Kajian ini disusun untuk menjawab empat pertanyaan. Pertama, dari mana istilah “teonomi” berasal dan bagaimana maknanya berkembang secara historis? Kedua, kerangka teori apa yang tersedia untuk memahami hubungan antara otoritas Ilahi dan tatanan ekonomi? Ketiga, siapa saja tokoh yang merumuskan gagasan ini di berbagai tradisi? Keempat, bagaimana gagasan tersebut termanifestasi dalam praktik ekonomi lintas agama di kawasan Asia — kawasan yang secara unik menaungi hampir seluruh tradisi keagamaan besar dunia sekaligus menjadi pusat pertumbuhan ekonomi global tiga dekade terakhir.

II. Kerangka Teori: Dari Otonomi-Heteronomi ke Teonomi

2.1 Teonomi sebagai Kategori Teologis (Paul Tillich)

Penggunaan modern istilah “teonomi” yang paling berpengaruh secara filosofis berasal dari teolog Jerman-Amerika Paul Tillich.

Tillich merumuskan tiga kondisi kultural yang saling berdialektika: heteronomi — kondisi ketika norma dipaksakan dari luar dan mengancam kebebasan individu; otonomi — pemberontakan yang sah terhadap penindasan tersebut, namun berisiko menolak segala norma; dan teonomi — sintesis di mana norma dan nilai kembali mengekspresikan keyakinan individu yang bebas dalam masyarakat yang bebas, karena bersumber dari kedalaman (ground of being) yang sama dengan akal itu sendiri. [1] [2]

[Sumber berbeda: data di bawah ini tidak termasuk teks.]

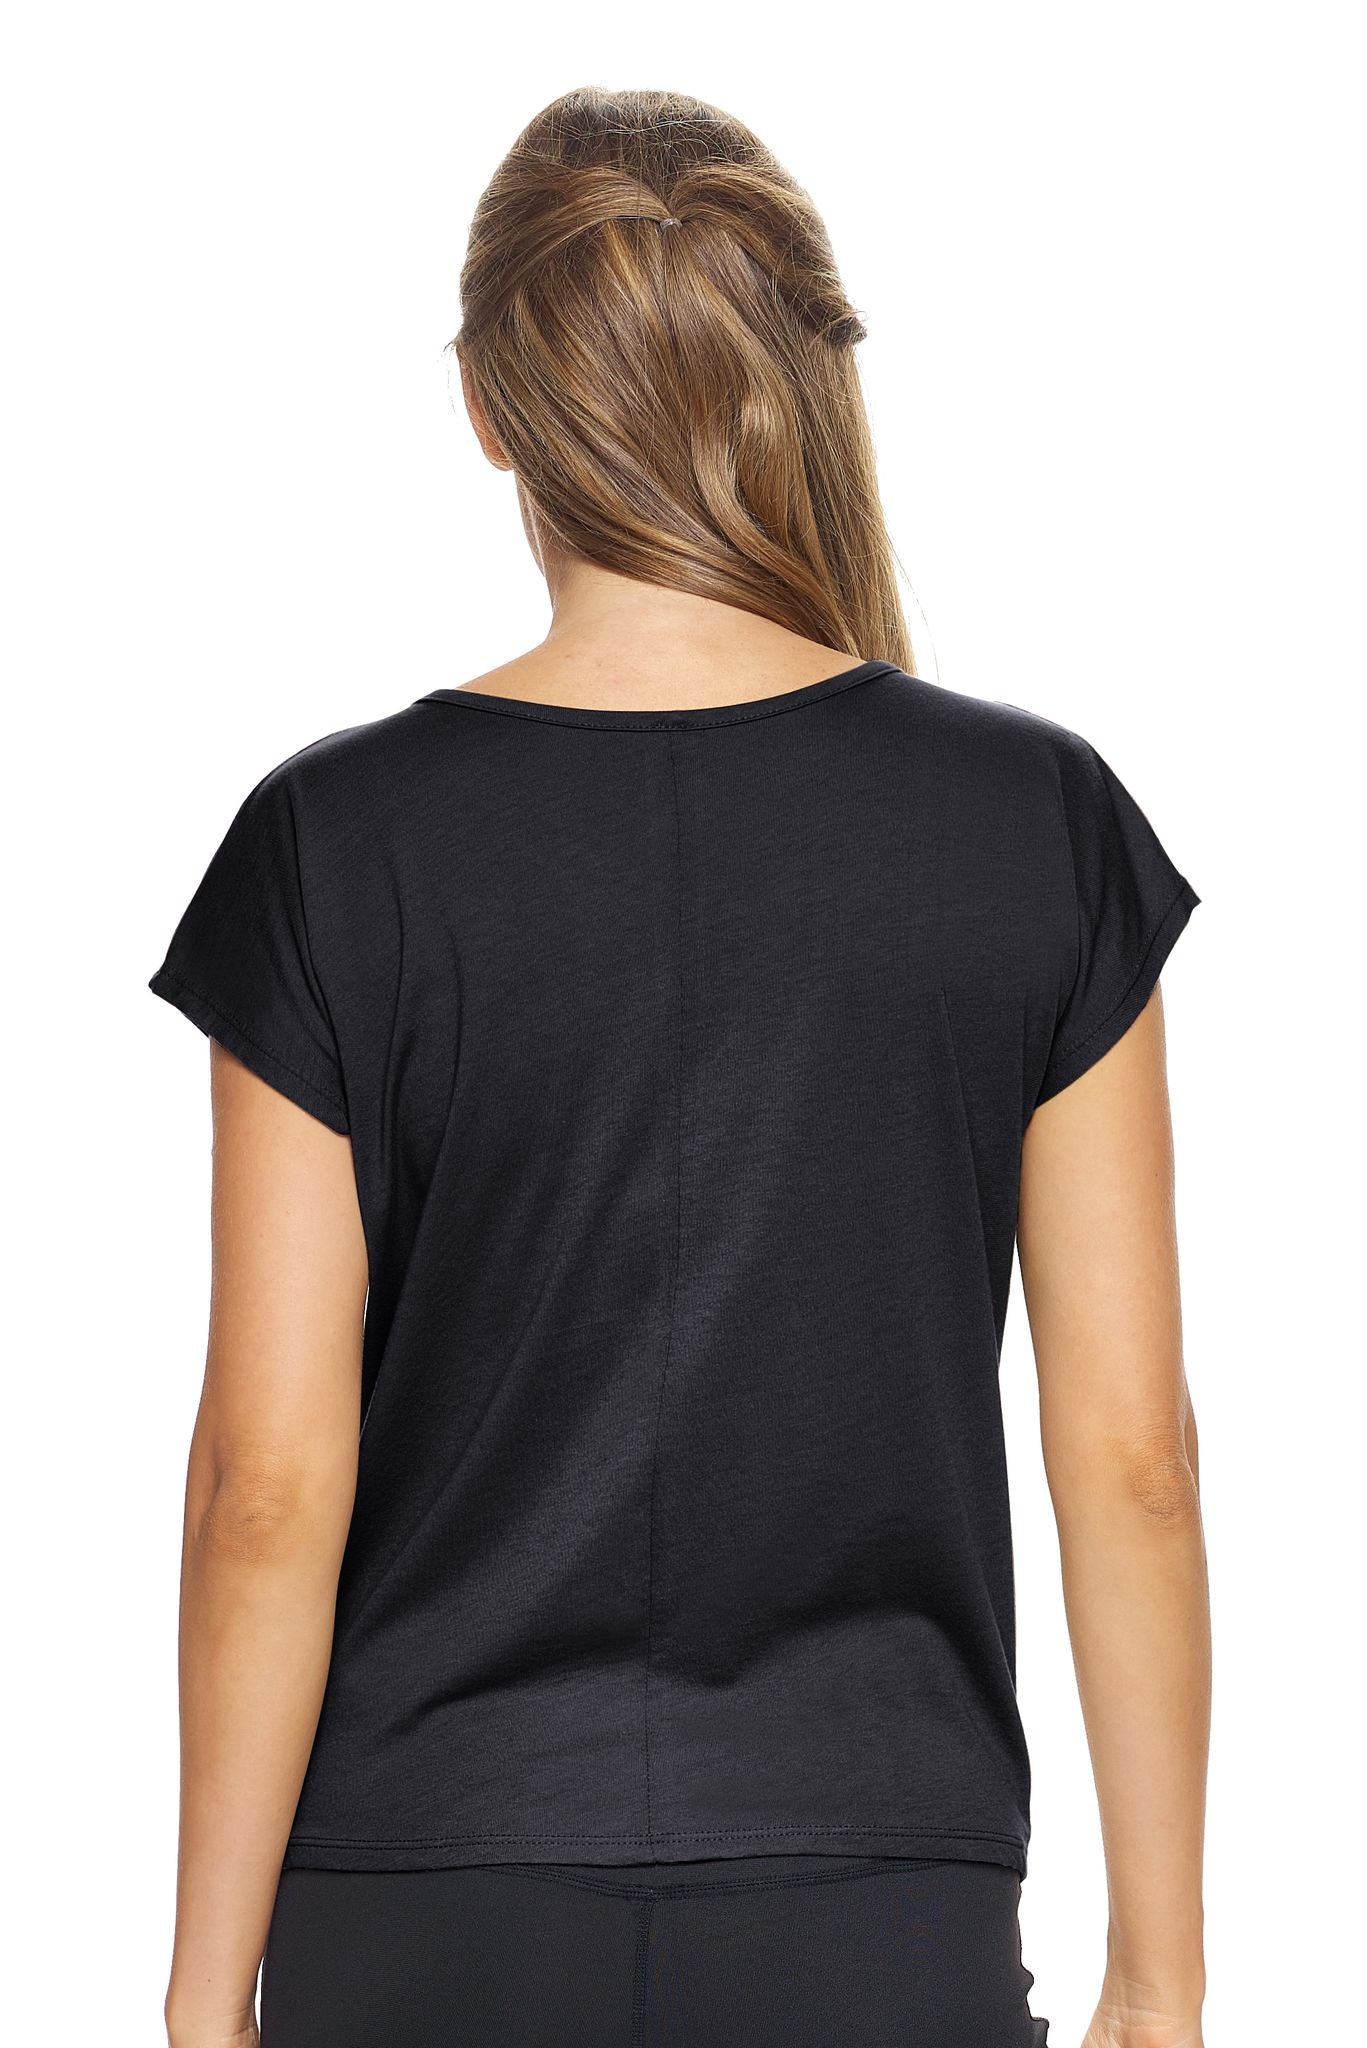 Expert Brand Wholesale Women's MoCA™ Split Front Tie Tee in Black Image 3#black

“Theonomous reason is autonomous reason united with its own depth, actualized in obedience to its structural laws and in the power of its own inexhaustible ground.”  — Paul Tillich, Systematic Theology

Dalam kerangka Tillich, teonomi bukan berarti pemerintahan teokratis atau hukum agama yang dipaksakan secara sipil, melainkan kondisi ketika rasionalitas manusia — termasuk rasionalitas ekonomi — secara otentik selaras dengan makna dan landasan ultimat kehidupan. Inilah yang membedakan teonomi dari teokrasi dalam pengertian politik-institusional.

2.2 Teonomi sebagai Program Politik-Hukum (Christian Reconstructionism)

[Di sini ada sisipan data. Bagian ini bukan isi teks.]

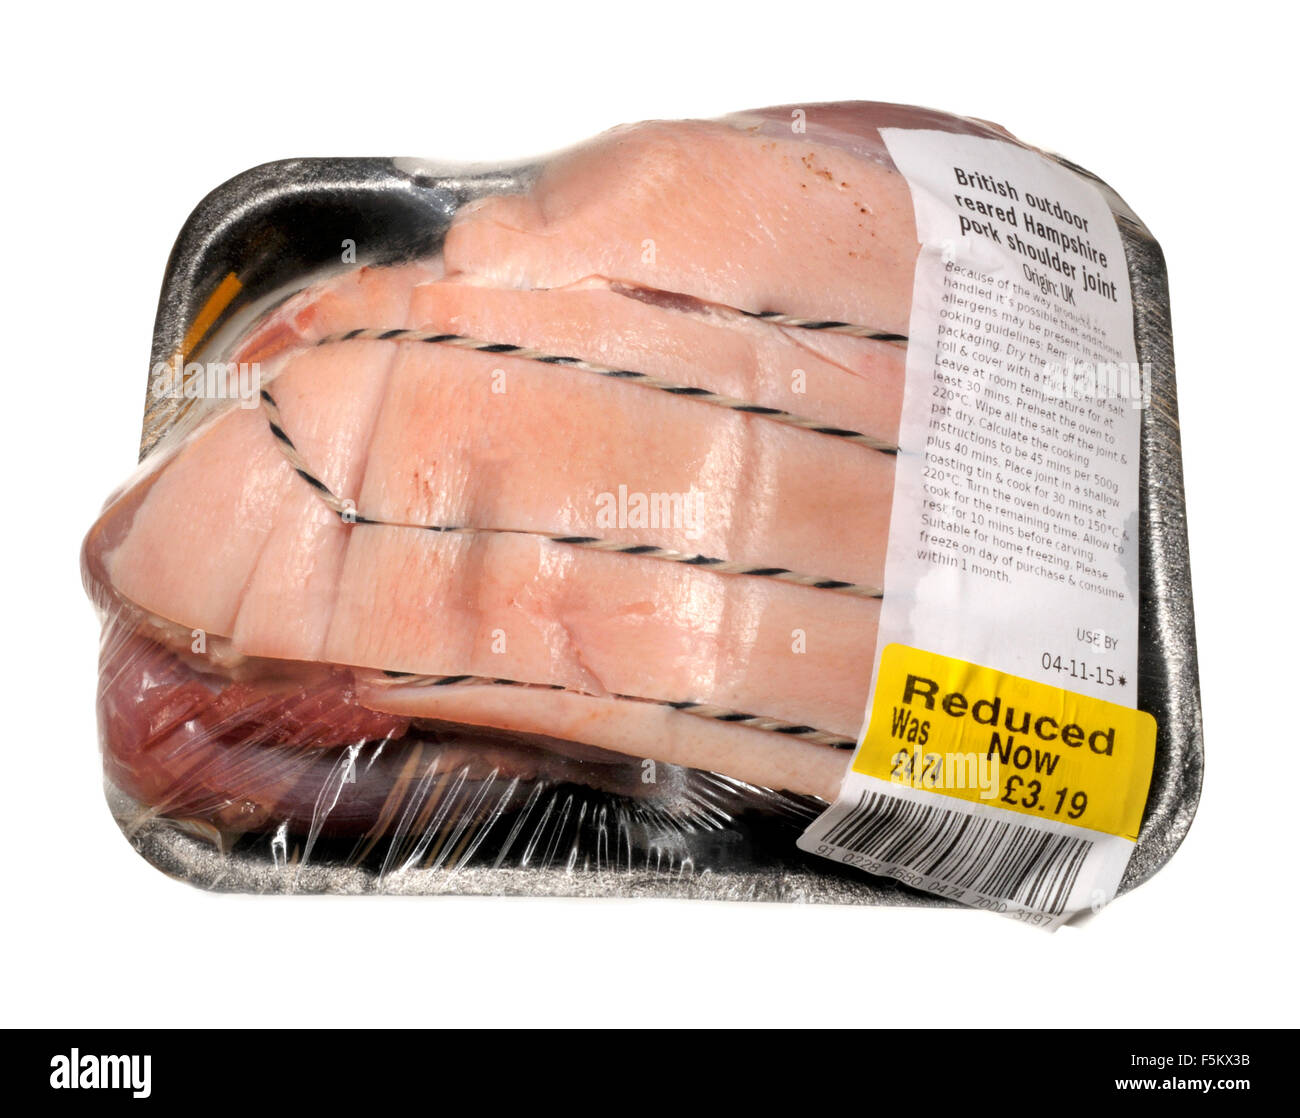 Articulation de l'épaule de porc à partir d'un supermarché Sainsburys (britannique) prix réduit sur sa date de péremption Banque D'Images

Berbeda dari Tillich, tradisi Amerika yang dipelopori Rousas John Rushdoony sejak awal 1970-an memakai istilah “teonomi” secara lebih literal: hukum Allah (nomos theou) sebagai norma yang mengikat bagi tatanan sipil, termasuk ekonomi.

Karya Rushdoony, The Institutes of Biblical Law (1973), dan karya Greg Bahnsen, Theonomy in Christian Ethics (1977), menjadi dua rujukan utama gerakan yang kemudian dikenal sebagai Christian Reconstructionism. Gary North, menantu Rushdoony yang menempuh doktor ekonomi, memperluas gagasan tersebut ke ranah kebijakan ekonomi melalui karyanya Introduction to Christian Economics, dengan argumen bahwa hukum Alkitabiah menyediakan cetak biru bagi masyarakat yang adil dan bebas. [3] [4] [6]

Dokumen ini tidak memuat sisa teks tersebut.